Вика сомневалась в моей венерологической "профпригодности". Мне чуть не пришлось, о срам, идти за справкой. Впрочем, соврал: всё-таки сходил, но об этом- в следующем (может, опять вру?) рассказе.

Мы как-то пошли в кафе, оказавшееся пивной с мангалами. Пришлось заказать по пиву и колбаски две. И ещё что-то. Мы с Ней не слишком разбирались в кафе. Меня чуть не стошнило от пива. Крутили "Машину времени". Перестройка закончилась.

Мы смотались в Алушту ,в гости к Владику-менту, уволенному из "органов" по психиатрической статье. Владик продал мне всего за 30 рублей шинель и форму с лейтенантскими погонами: "Будешь, Масик, митинговать- менты своего не загребут".

Я настоял: палатку, одноместную, мы поставили на плоской крыше бетонного гаража, а дневное логово раскинули в тенистом запущенном саду. Там чирикали, особенно по утрам, по-восточному нежно, незабывемо, о да! доселе мне неведомые птички.

Однажды мне приснился сон. По периметру гаража кто-то насыпал полуметровый слой каштановых, свежесорванных, пахнущих парфюмом и колбасками из того "машинного" кафе, листьев. Вика, совсем голая,  призывно оттопырив едва загоревшие ягодицы вверх, присев, глядела вниз с бетонной кромки. Я ,стараясь не спугнуть дичь, на цыпочках крался сзади.

Когда убили шоумена Листьева, это случилось четыре года спустя нашей экскурсии, я рассказал по телефону сон Вике. Та ничего не поняла:" Масик, да ты совсем!... выдумщик!" 

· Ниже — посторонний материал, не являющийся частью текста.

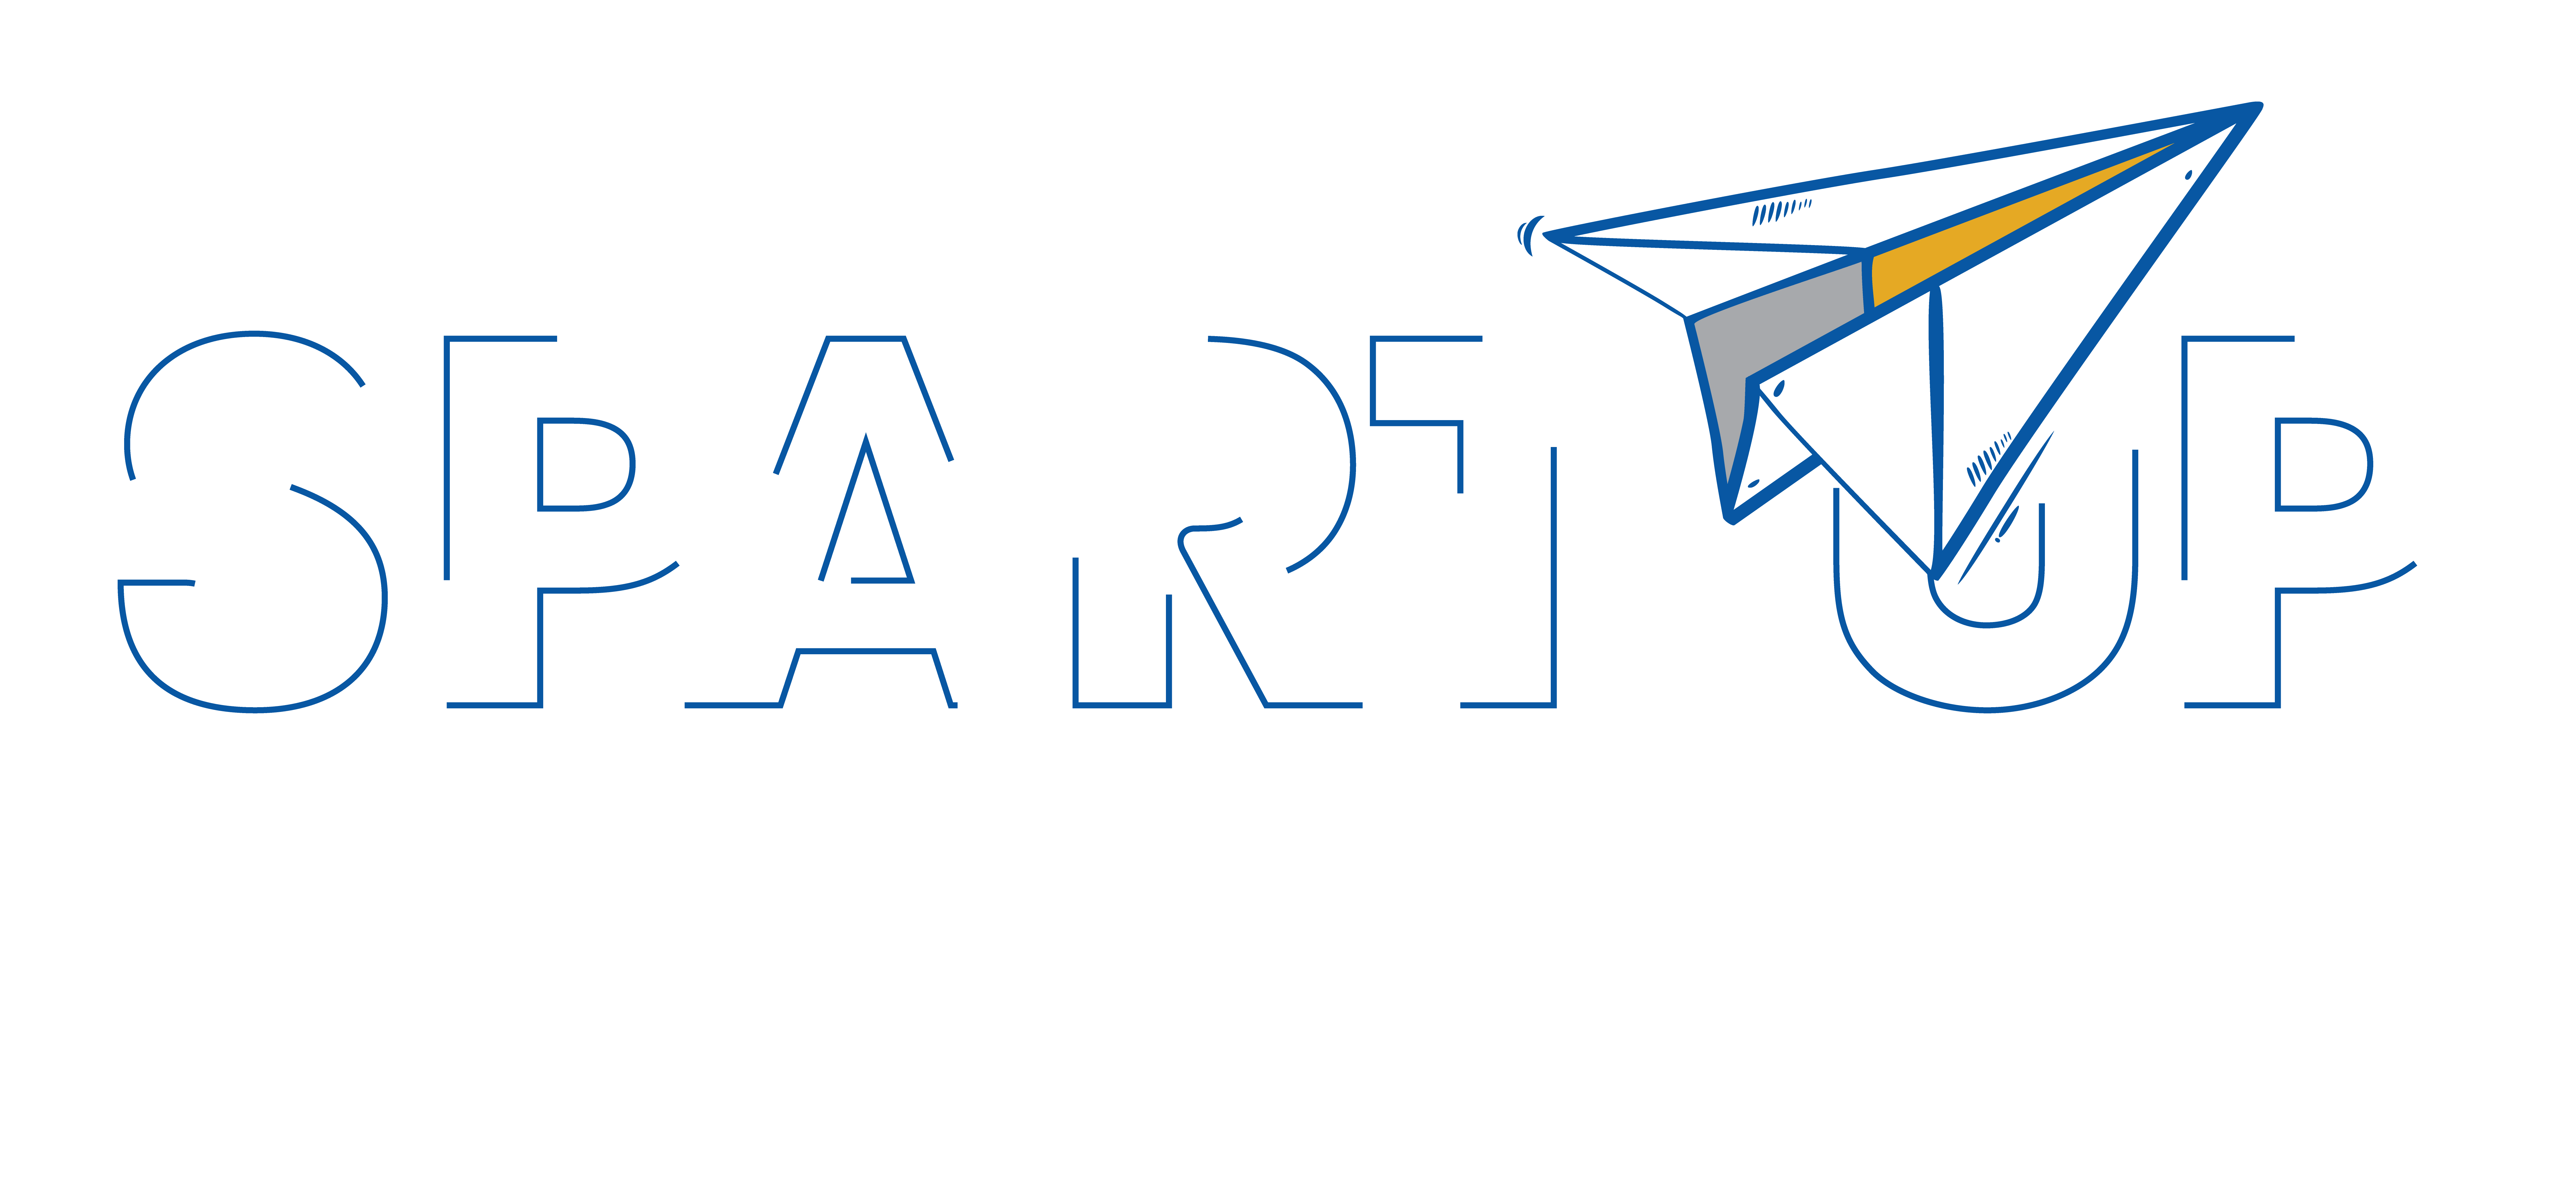 A cartoon style paper plane soars upward between the words "Spart" and "Up," with a dotted line indicating its flight path.a dot

Я сочинял самиздат, писал каллиграфически тушью на ватмане газеты. Владик тиражировал. Мы втроём продавали "готовый продукт" богатеньким курортникам,  а еще - сувениры пластмассовые, и ракушки. Психованный мент арендовал за копейки заброшенную бактериологическую лабораторию. Там мы с Викой обретались две недели.

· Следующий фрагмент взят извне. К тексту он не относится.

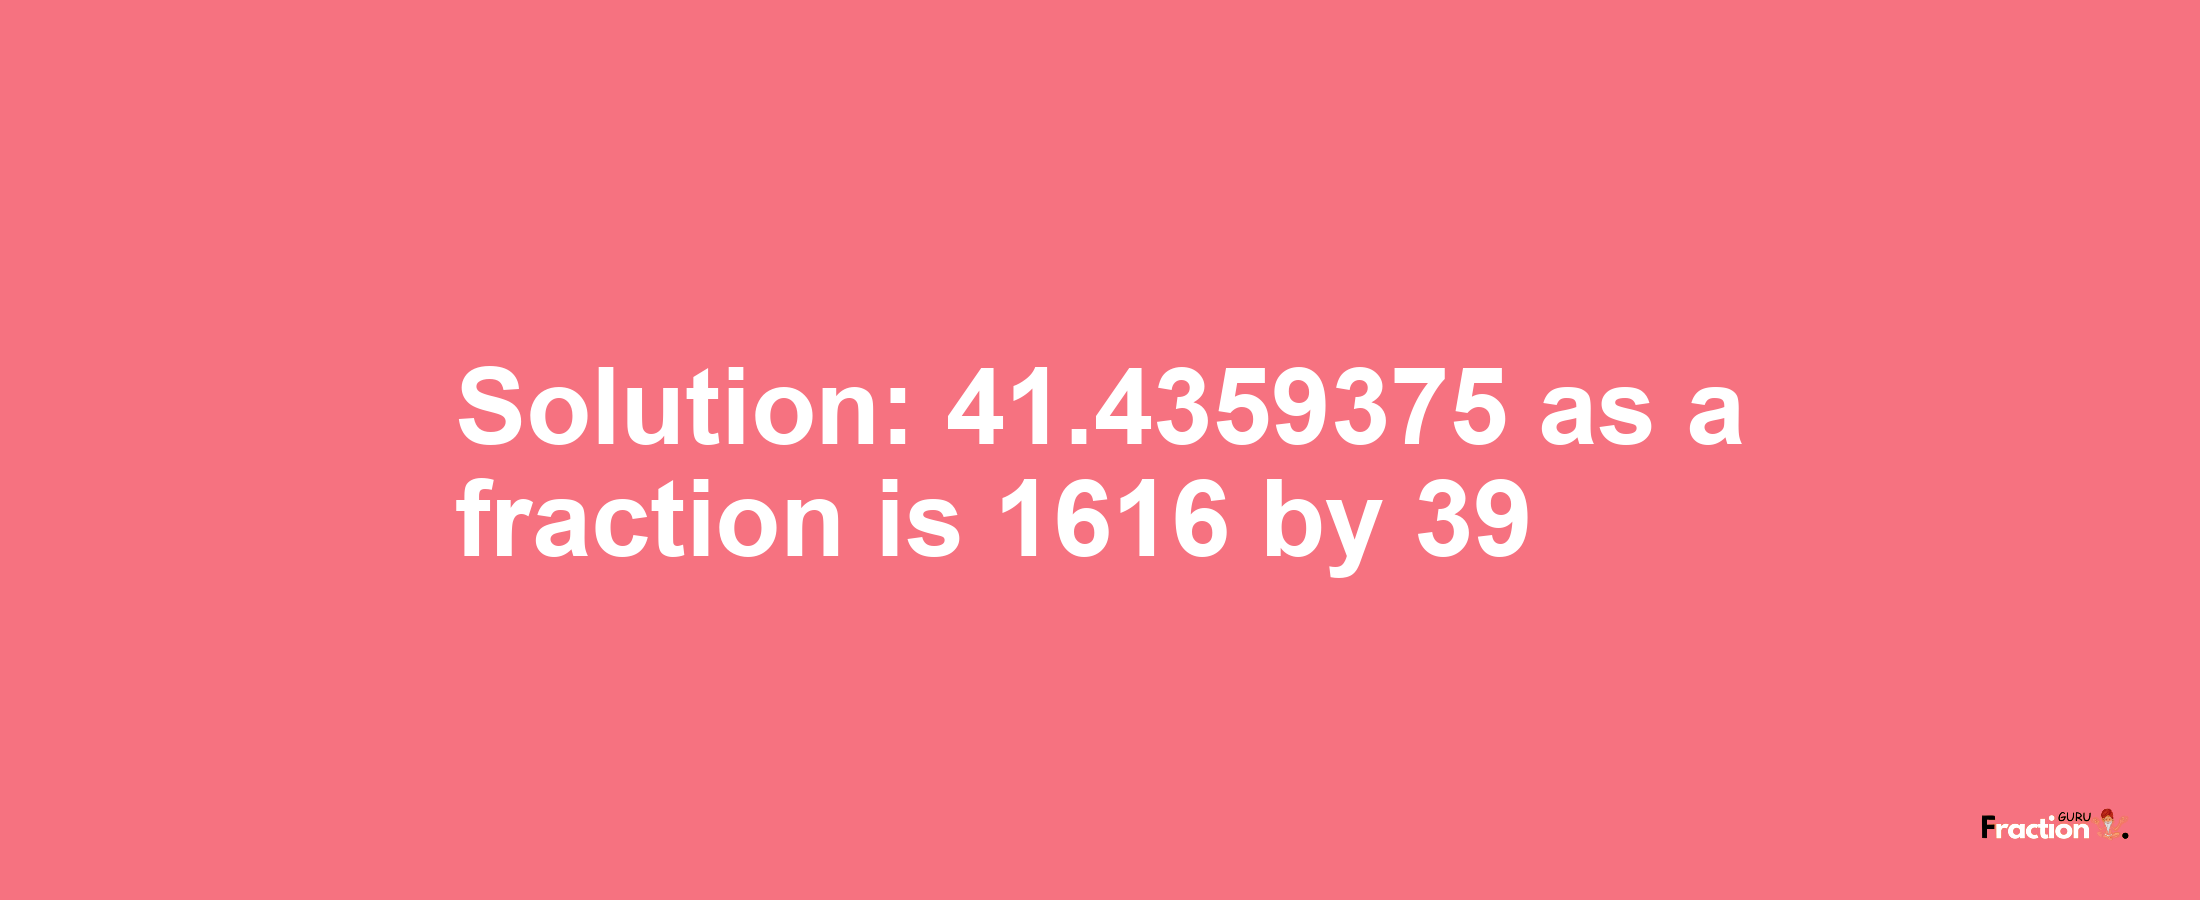 Solution:41.4359375 as a fraction is 1616/39

Вика меня развратила: я запустил дешёвую журналистику. Сумасшедший мусор принёс ворох руховских, прибалтийских и московских газет. Наказал: "Масик, ты слишком затрахался и  демократию забыл! Чтоб завтра коллаж про Бандеру был готов". Я пообещал и выполнил. Просил Вику, она оказалась украинкой, говорить со мной для практики только на державной. Зря просил. Она меня учила другому...

Да, так вот...После венеролога Виктусик послала меня к урологу, это было за неделю до нашего отъезда. У меня не вставал. Хотя мастурбировал я лихо, а только воткну, бывало- и опускается! Ах ты...Вика хмурилась. Я плакал от бессилия. Уролог посмотрел внимательно, мазнул: "Всё в порядке. Воспалялся?" Да,  я  нехотя признался. И... "Здоров".

"Вика, давай прижмёмся крепко-крепко, но пока без секса. Я ,так чувствую, поможет ". Мы склеились на тридцать минут- очень понравилось. Попили чаю с вареньем. Слиплись на три часа , да так и уснули. Я проспал на работу. Утром он дико восстал:  до полудня я кончил два  раза , один- на справку от этого шамана, Вика -четыре. Я ещё раз поплакал , по-детски: от счастья. 

....Старая, ей всего-то было лет пятьдесят, шипела:

--- Молись ещё! Истово!

Я попробовал представить их голыми, наедине: не вышло. Сектантов было всалоне всего особ двадцать: мужчины в угольно-чёрных двубортных костюмах, женщины в строгих платьях, в коротких вуалях из "конского волоса". Пассажиры жадно, с отвращением и любопытством, тайком осматривали богомольцев: те ловили урывки их благостных бесед, эти, наоборот, глушили "голос веры" своим кухонно-бытовым трёпом.Казалось, молодая рухнет в обморок- я бы подскочил первым, я был к  э т о м у готов- и облизал бы ей  д в а  пальца, сначала -указательный...

...Когда нам  не только понравилось, но и привыклось  прижиматься, я невзначай сболтнул: "Вика, а если б я был девочкой, и мы обе учились в пищевом техникуме, и жили в одной комнате общежития,а? Через СКОЛЬКО циклов у нас бы синхронизировались МЕСЯЧНЫЕ?"---"Дурак ты, Масик, а ещё языки знаешь!"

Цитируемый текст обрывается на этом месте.